David Watts came from Rutland

If you watch the episodes of Top of the Pops from 1978 that BBC4 is showing, your enjoyment can only be enhanced by following Top of the Pops Fax on Twitter. He tweets relevant facts and trivia about the musicians while the show is on each week.

There was a terrific fact this week - it easily wins my Trivial Fact of the Day Award. And it is that David Watts from the Kinks' song was a real person and came from Rutland.

Really this should not have been such a surprise to me.

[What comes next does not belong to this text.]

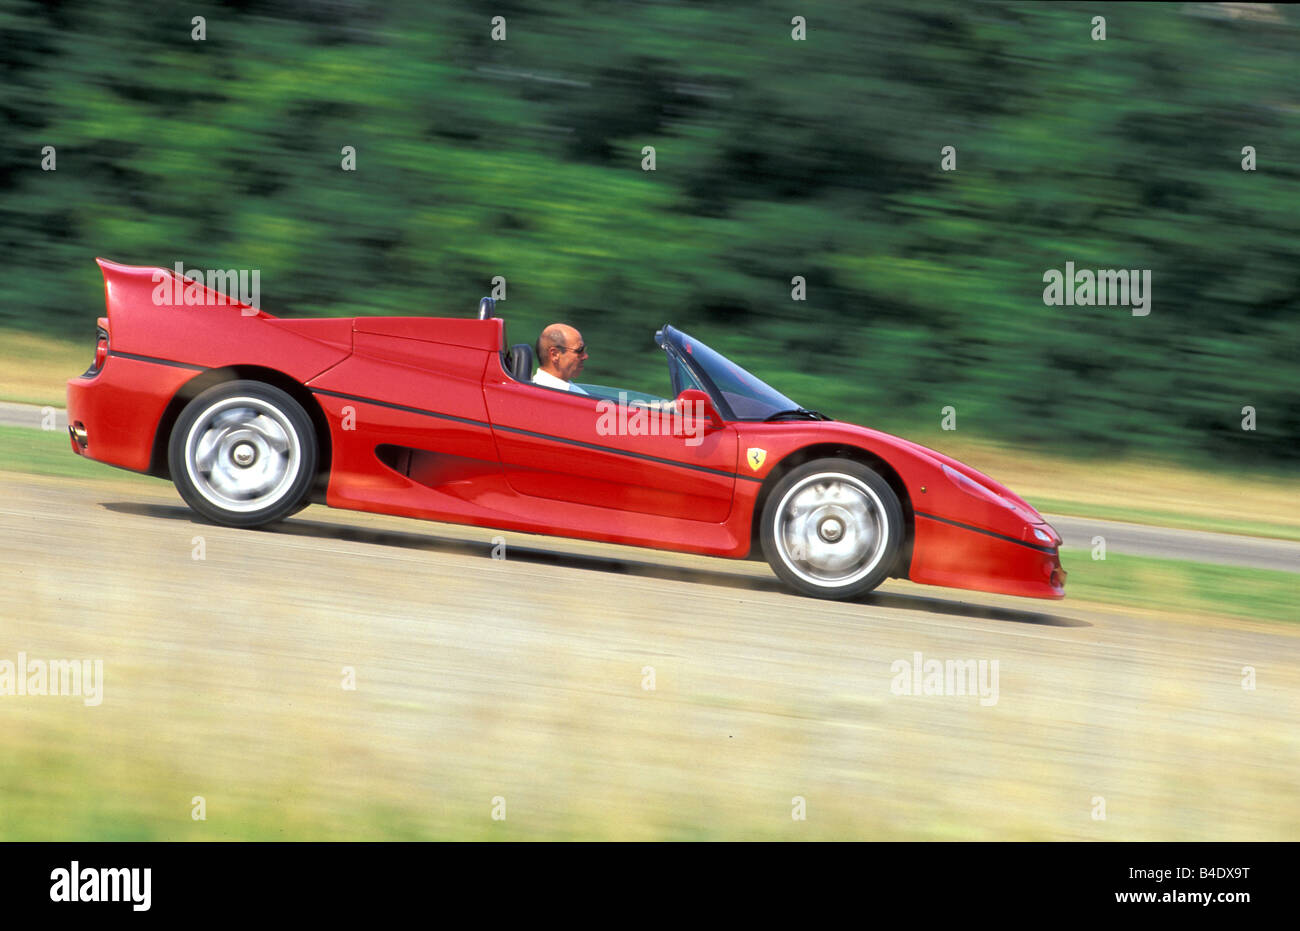 Car ferrari f50 model year 1995 2002 red roadster convertible car ferrari f50 model year 1995 2002 red roadster convertible vanachro Choice Image
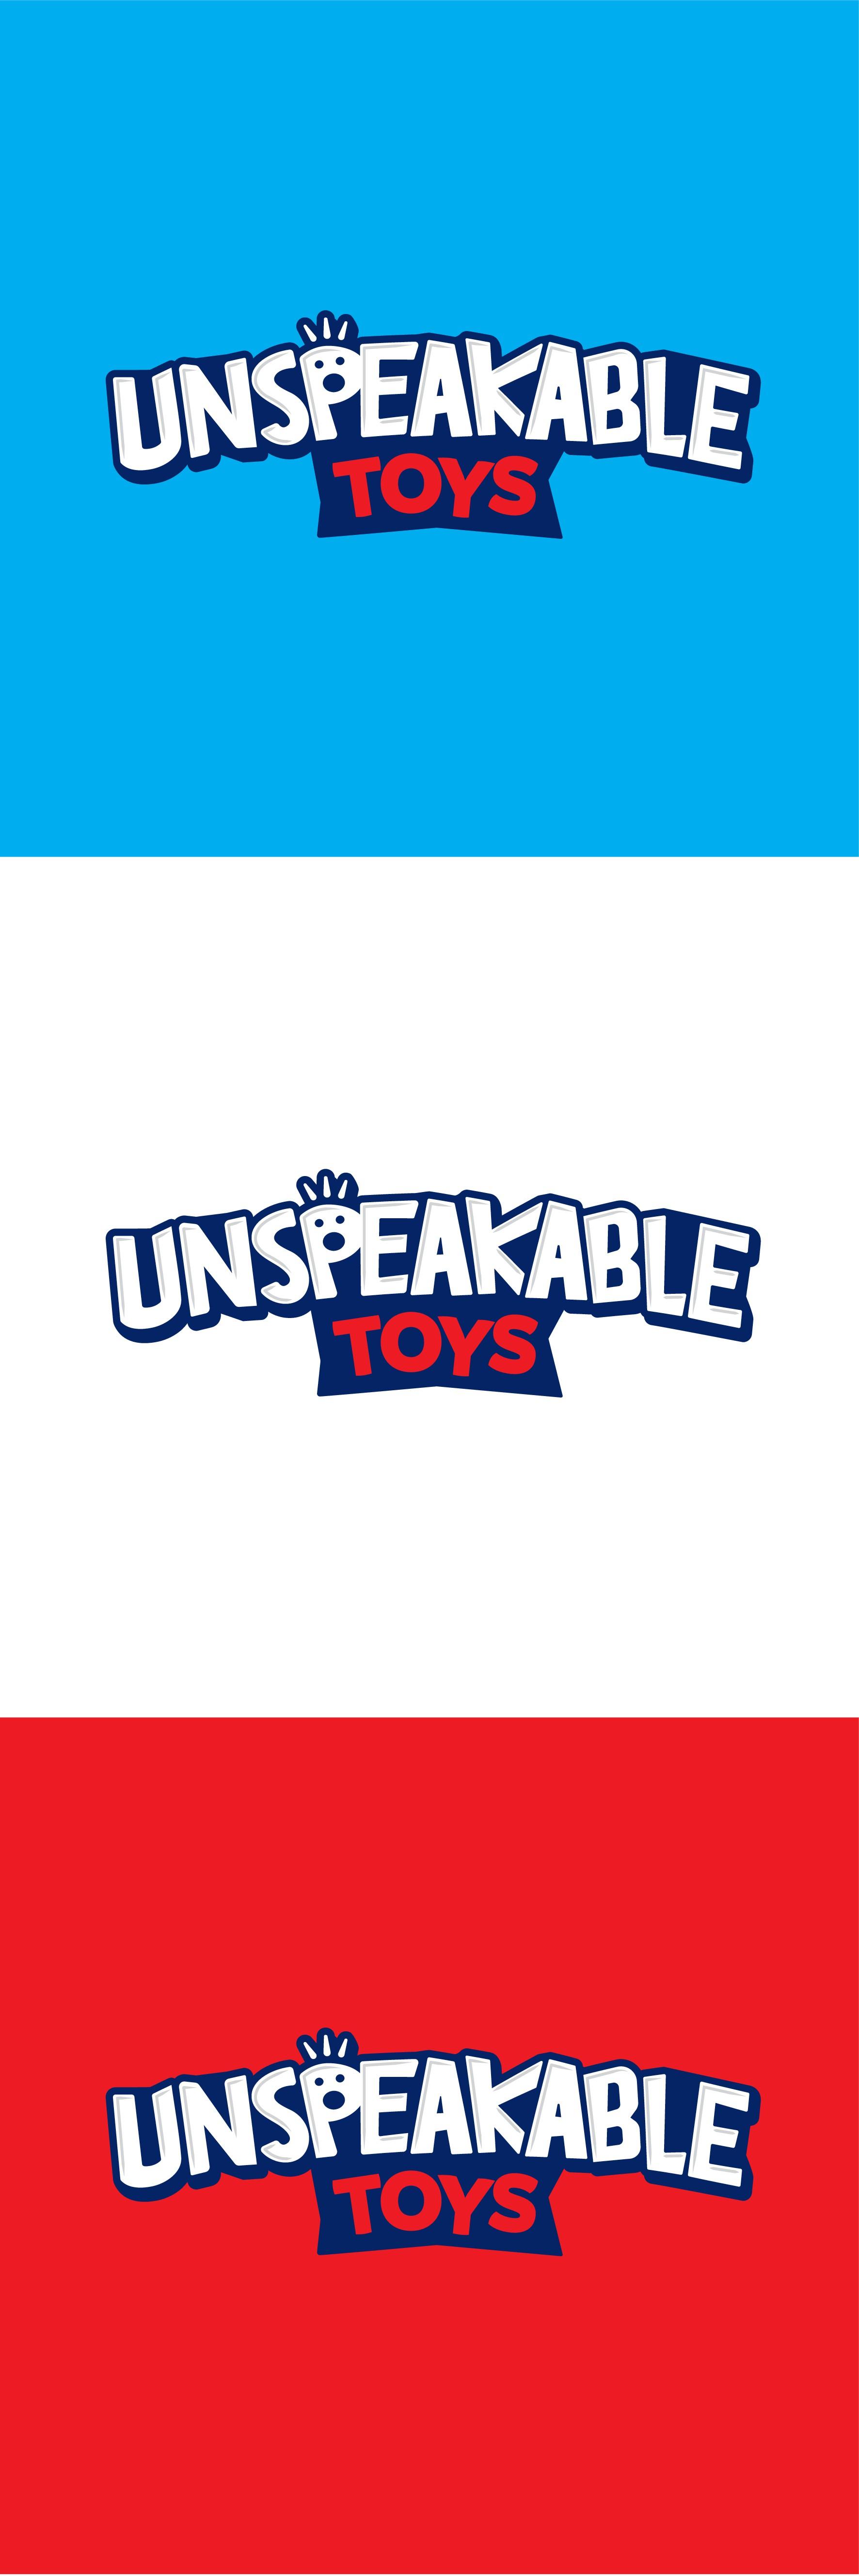 The next big Toy Brand for kids! (think Mattel, Lego, Nerf)

Andrew Hickey reported it when reviewing the LP Something Else by the Kinks:
While it’s ostensibly about a schoolboy, David Watts was in fact a real person — a concert promoter in Rutland, who had once tried to buy Dave Davies from his brother for his own sexual uses. 
Once one knows that, lines like “And all the girls in the neighbourhood/Try to go out with David Watts/They try their best but can’t succeed” and “He is so gay and fancy-free” become not so much a gay subtext as outright gay text.
And having watched the Jam's version of David Watts on this evening's Top of the Pops gives me a chance to pay tribute to my mum, who has not been very well of late.

I remember watching this show with her when it was first broadcast in 1978. With all the authority of someone who had just got his A level results and was off to university, I explained that the Jam were a "new wave" band.

My mum watched them for a little while and said: "I see, it's a cross between punk and the mods." How cool was that?

1 comment:

  1. You are a week early for the anniversary.

    "Today in Kinks history: August 20, 1966 The Kinks appear at a Festival, a charity event held at the Rutland County Agricultural Showground in Oakham. The show is promoted by a local civic booster, Major David Watts."